By Myra P. Saefong and William Watts

EIA reports a smaller weekly rise in crude stockpiles than the API

Oil futures declined on Wednesday but settled off the session's lows after official U.S. data revealed a weekly increase in commercial crude inventories that was smaller than what was reported by an industry trade group.

Price moves

West Texas Intermediate crude CL00 for May delivery CL.1 CLK24 fell 27 cents, or 0.3%, to settle at $81.35 a barrel on the New York Mercantile Exchange after trading as low as $80.55.May Brent crude BRNK24, the global benchmark, edged down by 16 cents, or 0.2%, to settle at $86.09 a barrel on ICE Futures Europe. June Brent BRN00 BRNM24, the most actively traded contract, declined 22 cents, or 0.3%, to $85.41 a barrel.April gasoline RBJ24 shed 0.6% to $2.68 a gallon, while April heating oil HOJ24 declined by 0.9% to $2.60 a gallon.Natural gas for May delivery NGK24 ended at $1.72 per million British thermal units, down 3.9%.

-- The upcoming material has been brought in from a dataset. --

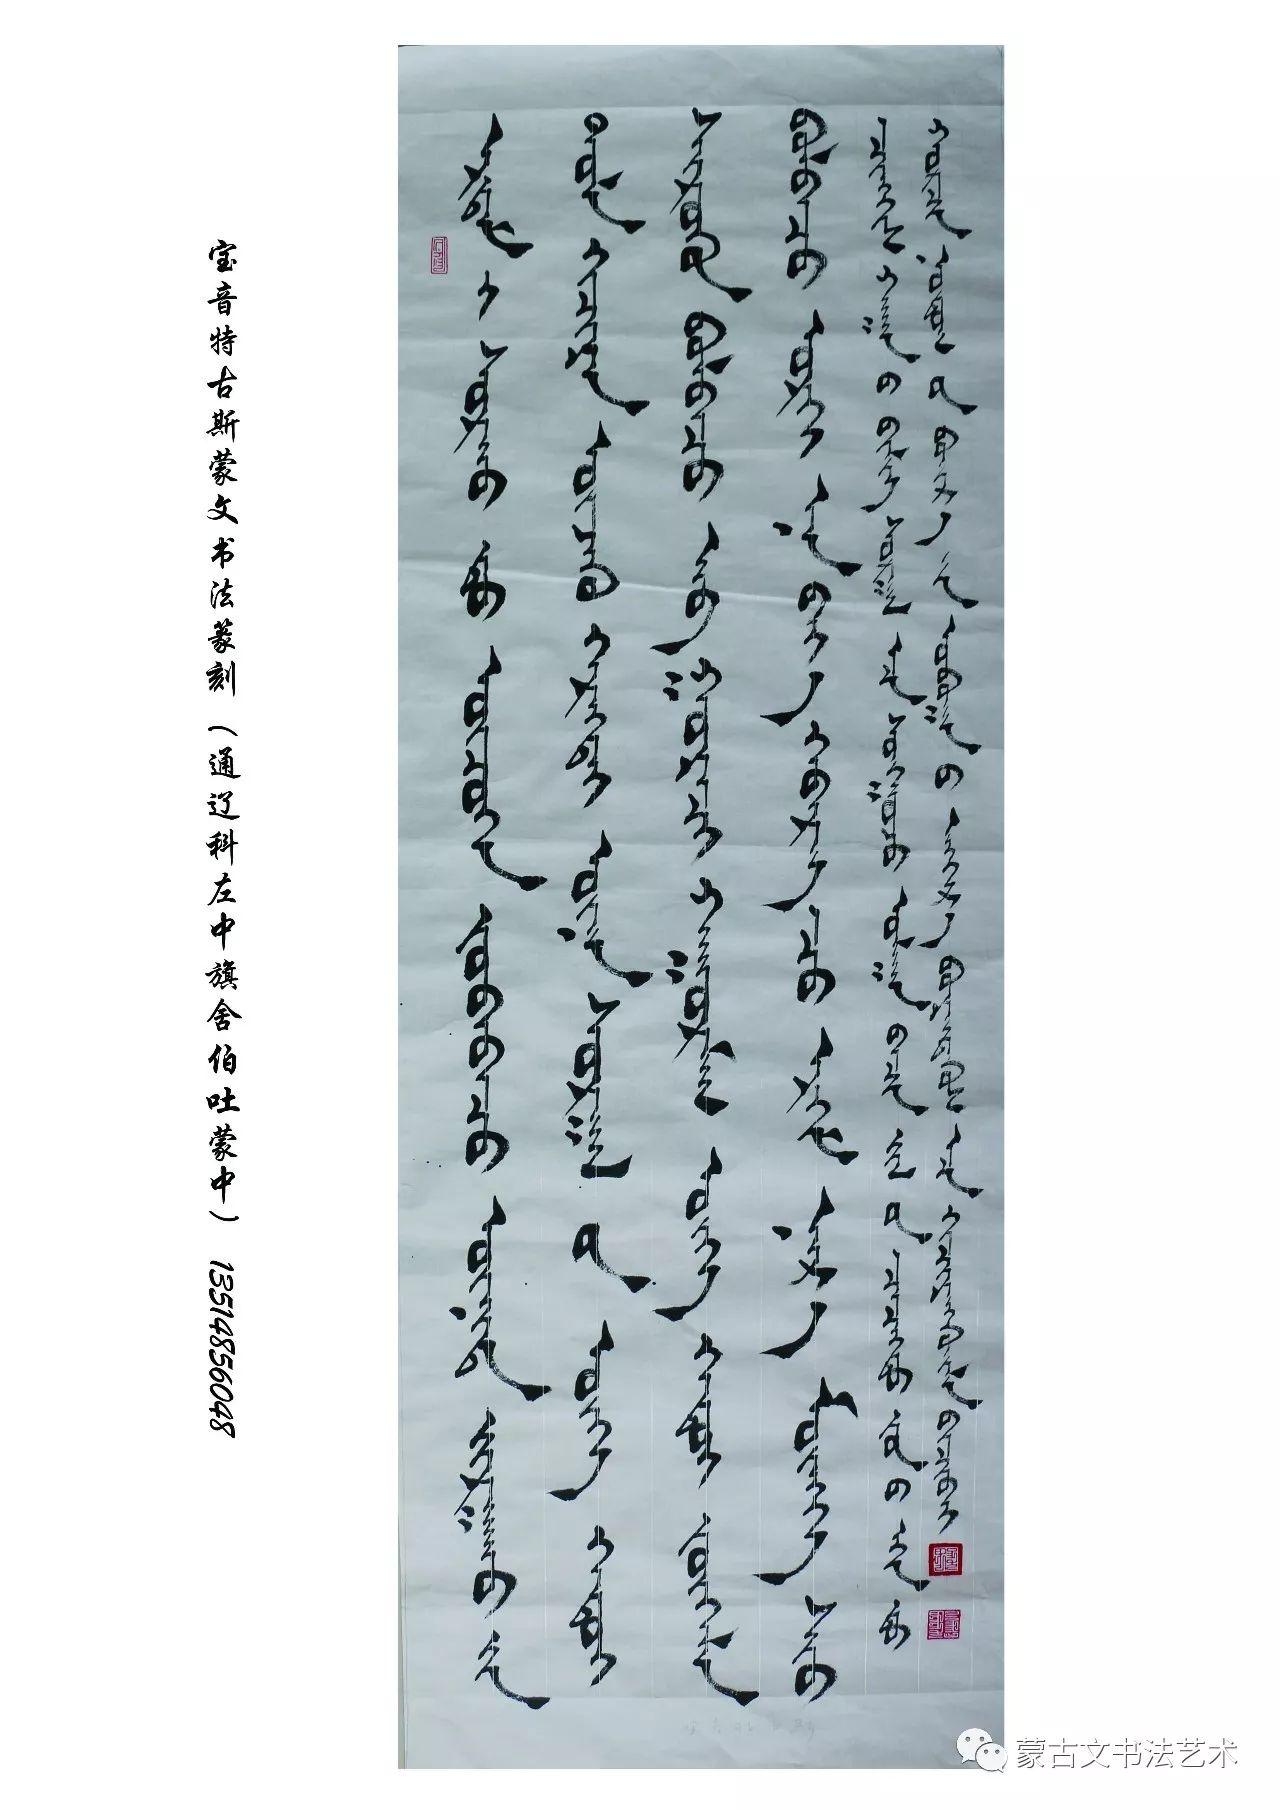 探索蒙古文书法之路-宝音特古斯 第1张 探索蒙古文书法之路-宝音特古斯 蒙古书法

Oil prices on Wednesday settled modestly lower, but given the holiday-shortened week and the upcoming end to the first quarter, Tariq Zahir, managing member at Tyche Capital Advisors, said a "little weakness in the energy complex" isn't surprising.

Oil trading on Nymex and ICE Futures Europe will be closed March 29 for Good Friday.

Read: Is the stock market open on Good Friday?

Still, the weakness in oil prices is likely to be short-lived, said Zahir.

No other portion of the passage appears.